ToolStreamReader handles the multi-turn tool-use conversation loop. This is the primary interface used by the Engine pipeline. The caller reads events, processes tool calls, sends results back, and continues reading until the stream is done.

SetTools is called after load_tools returns new tool definitions.

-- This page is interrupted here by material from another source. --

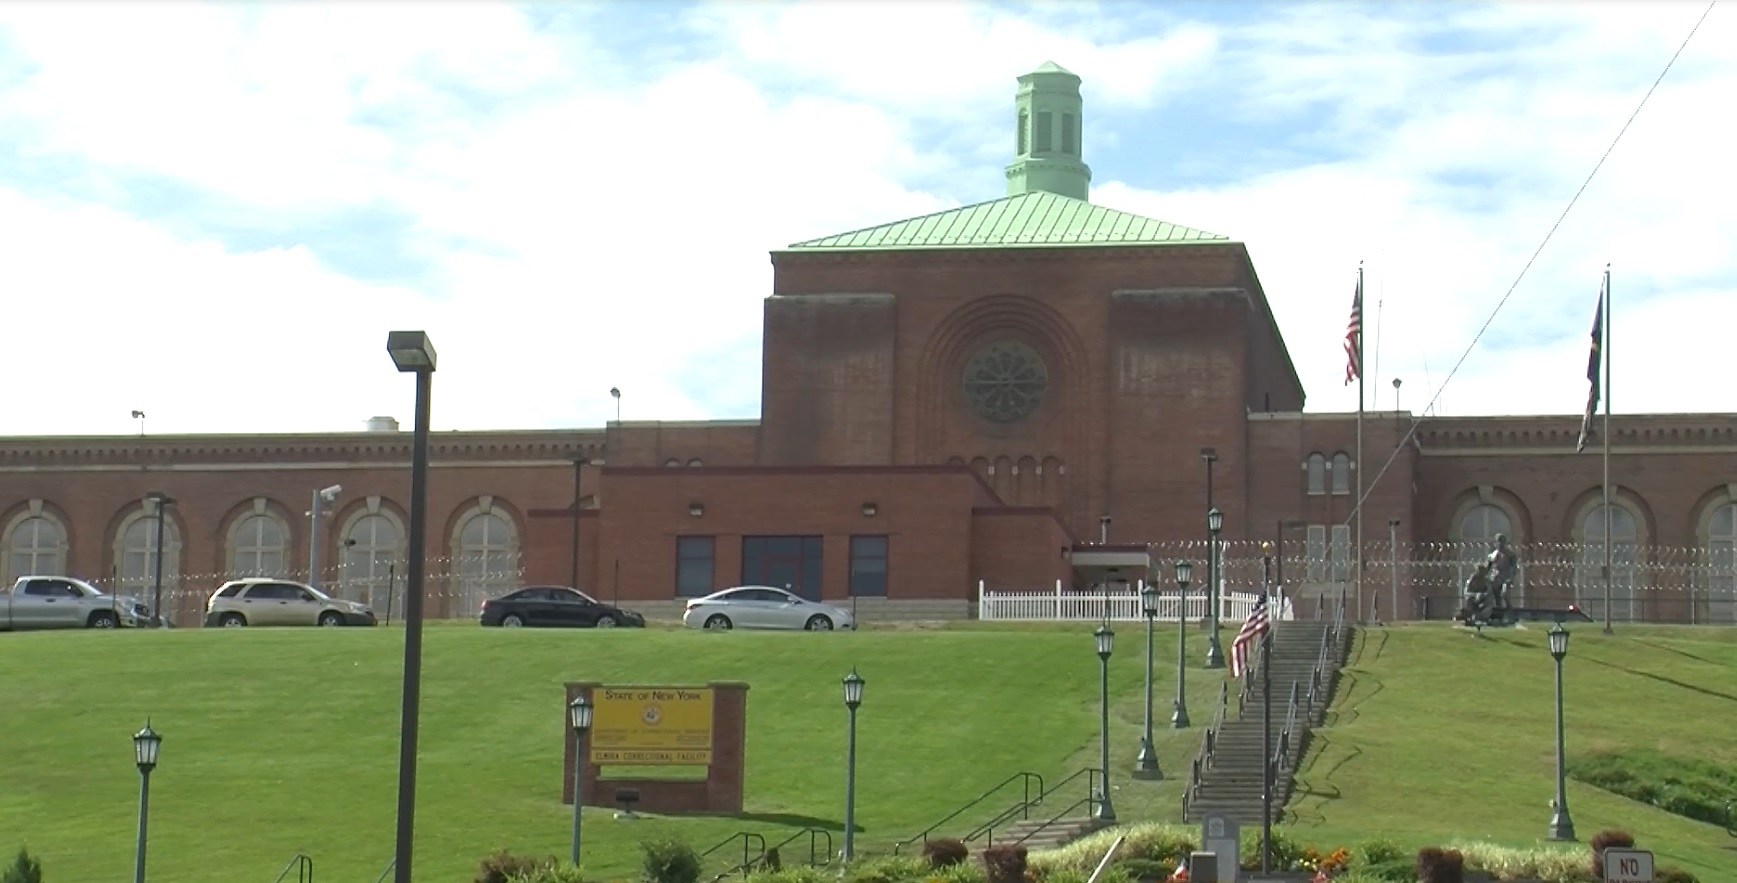 Suspected gang fights lock down parts of Elmira Correctional Facility

The updated schema must reach the provider before the next LLM continuation request, otherwise the LLM is told "tools loaded" but the function-call schema remains unchanged and the freshly loaded tools are not actually callable.

go
reader, err := provider.StreamWithTools(ctx, messages, tools,
    llm.WithSystem("You are a helpful assistant."),
    llm.WithMaxTokens(4096),
)
if err != nil {
    log.Fatal(err)
}
defer reader.Close()

for {
    event, err := reader.Next()
    if err == io.EOF {
        break
    }
    if err != nil {
        log.Fatal(err)
    }

    switch event.Type {
    case llm.EventTextDelta:
        fmt.Print(event.Text) // Stream text to the user

    case llm.EventToolCallComplete:
        // Execute the tool call
        result := executeMyTool(event.ToolCall)
        // Send the result back to the LLM so it can continue
        err := reader.SendToolResults([]llm.ToolResult{result})
        if err != nil {
            log.Fatal(err)
        }

    case llm.EventDone:
        break
    }
}

// Check token usage
usage := reader.Usage()
fmt.Printf("Input: %d tokens, Output: %d tokens\n", usage.InputTokens, usage.OutputTokens)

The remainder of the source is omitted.